# Jig to drill holes in the center of curtian rods -VERY Complicated



## patcollins (Jul 22, 2010)

Without a doubt this is the most complicated jig I ever built.

The store didn't have two 4ft rods but they did have an 8ft one. So I decided to buy the 8 ft one and cut it in half. When I got it home I realized oh no there are no pilot holes for the finals in the cut ends.

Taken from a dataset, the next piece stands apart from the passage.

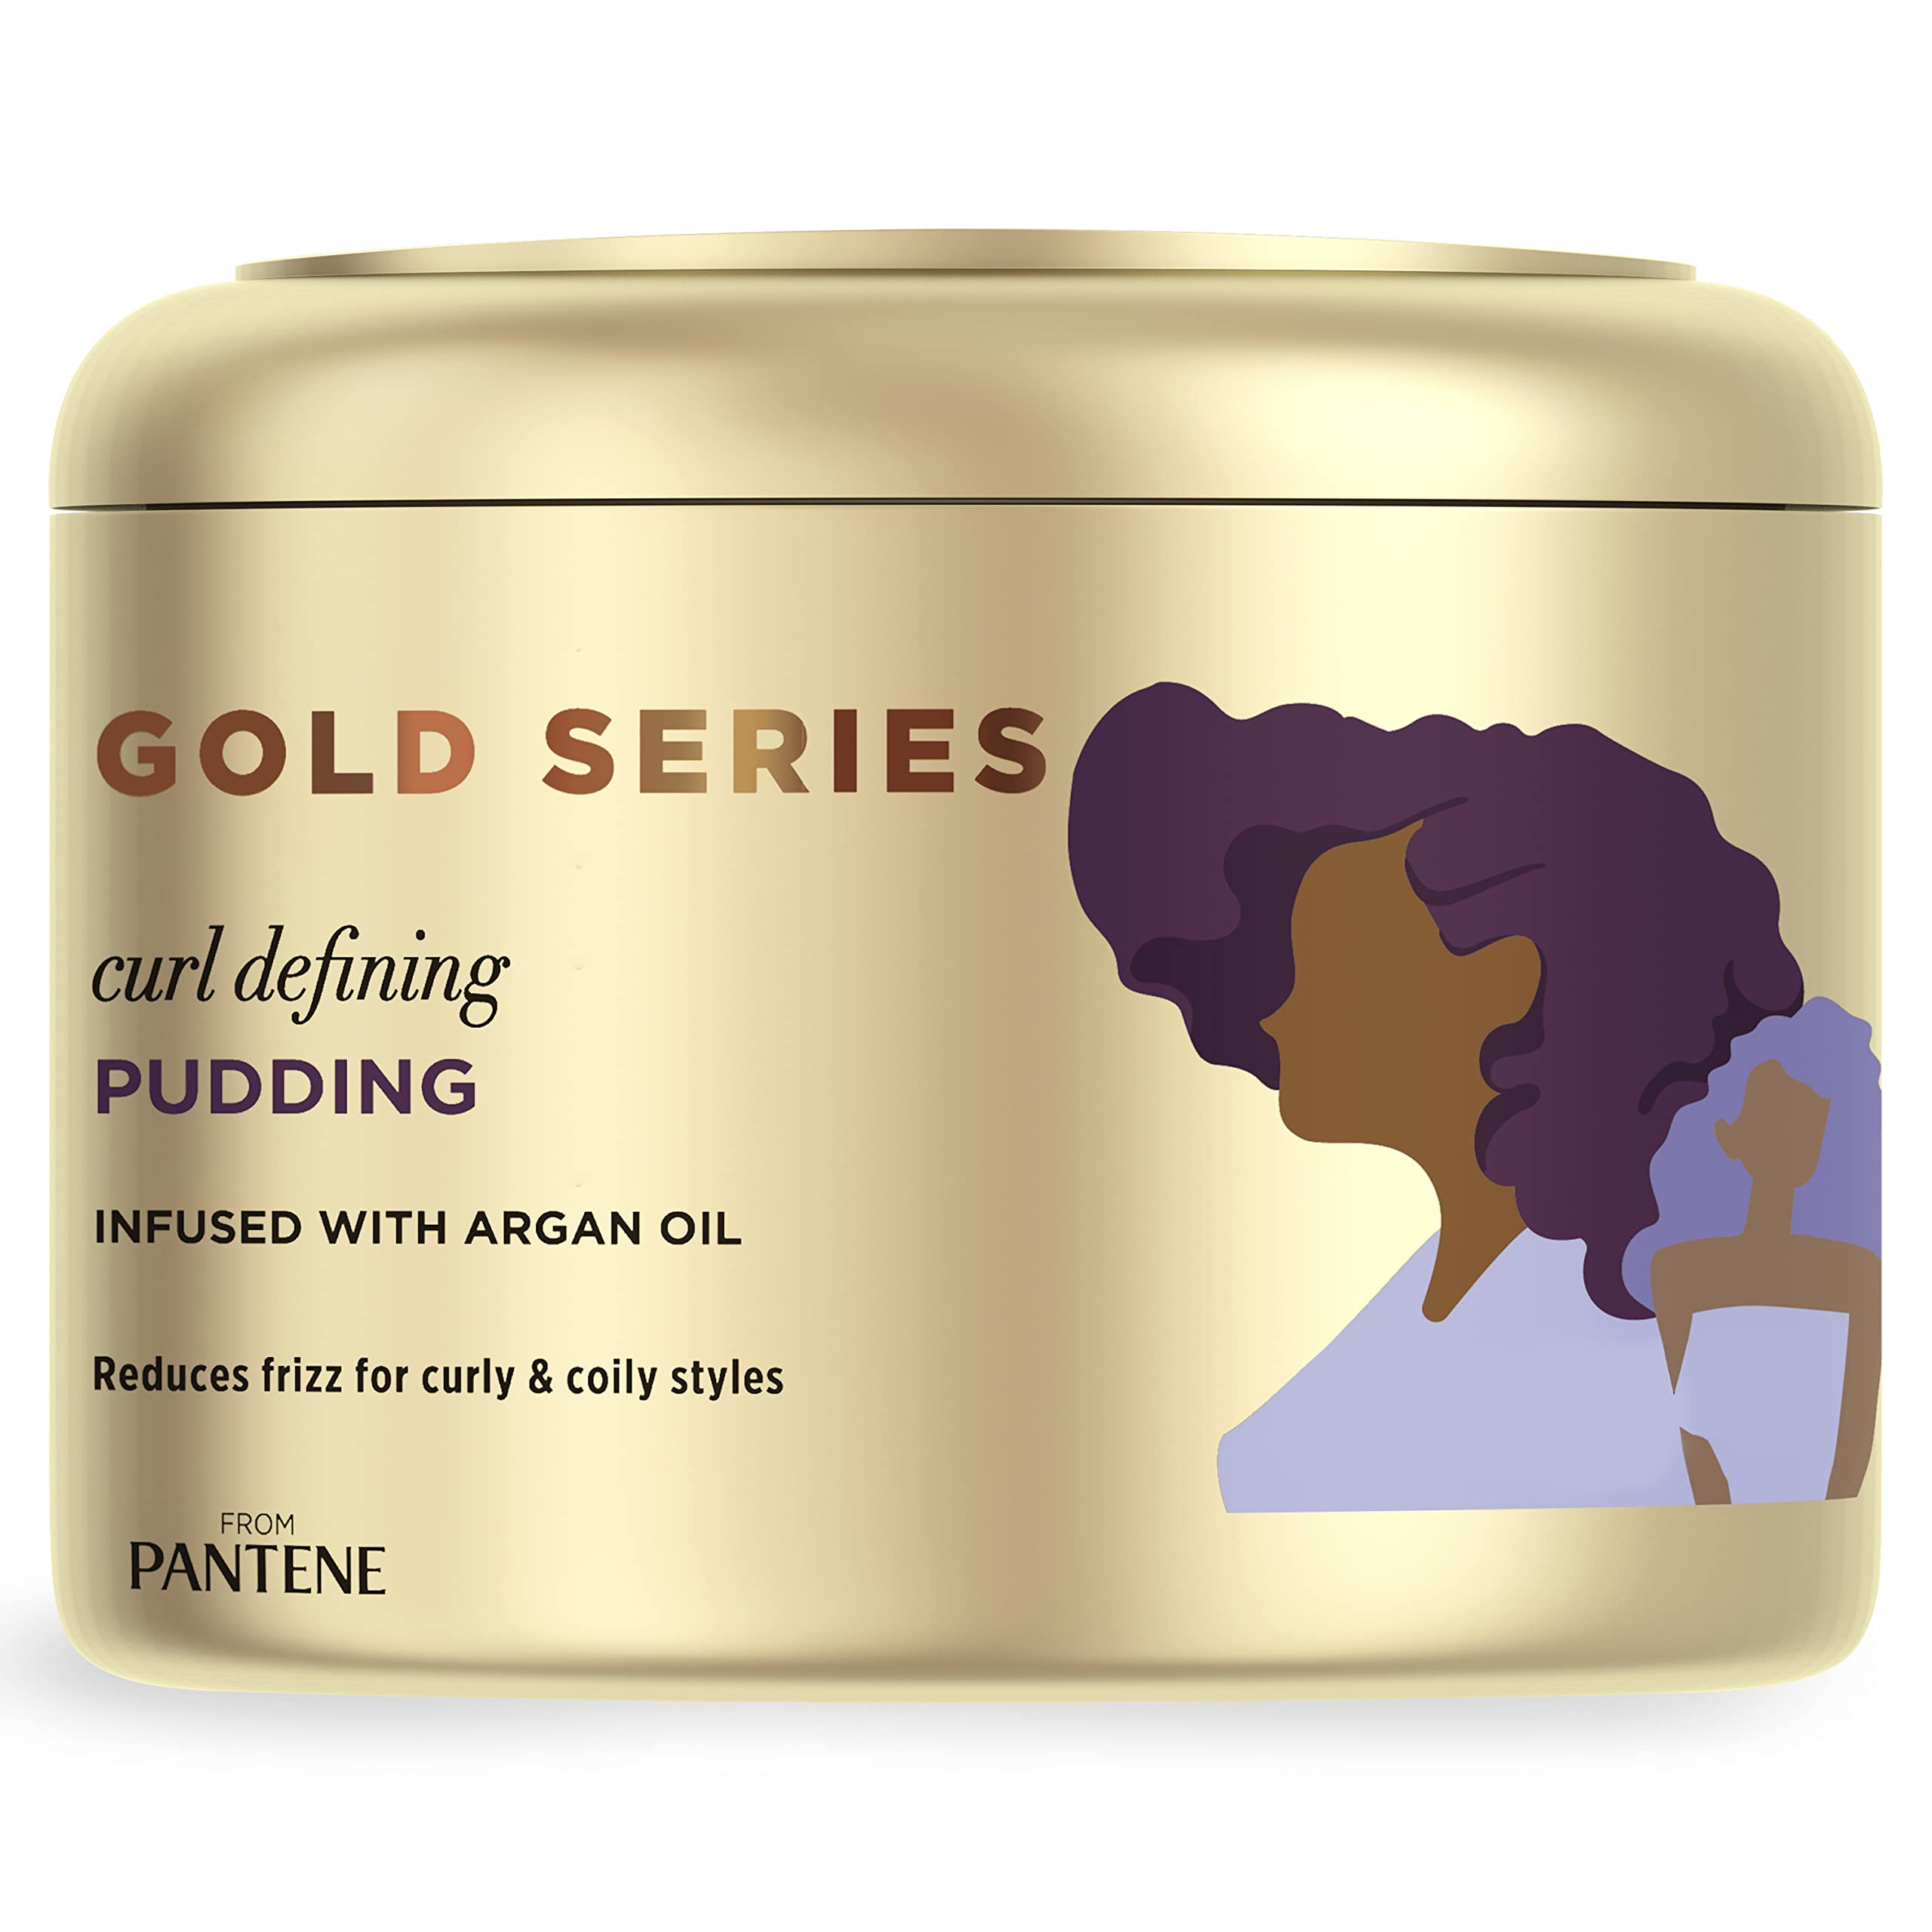 Book Cover Pantene, Hair Cream Treatment, Sulfate Free Curl Defining Pudding, Pro-V Gold Series, for Natural and Curly Textured Hair, 7.6 fl oz

So I made this jig to allow me to drill a fairly straight hole into the end of the curtain

rod/any 1-3/8" dowel.

Drilled into a chunk of 2×4 with a 1 3/8" forsner bit, I used the nipple to drill an 1/8 hole through the rest of the 2×4 and this was the drill guide. The tape is because the rod isnt quite 1 3/8" like it said it was.


----------



## gfadvm (Jan 13, 2011)

Excellent tip!


----------



## Picklehead (Feb 12, 2013)

I love tips like this, which I have absolutely no use for now, that maybe someday will be exactly what I need to save the day. Thanks.


----------



## phlyers (Jul 4, 2013)

Yes I too love tips like this. Falls under the "why didn't I think of that category"


----------



## tworavens (Jul 8, 2013)

Great use for scrap twobafours. Love it!


----------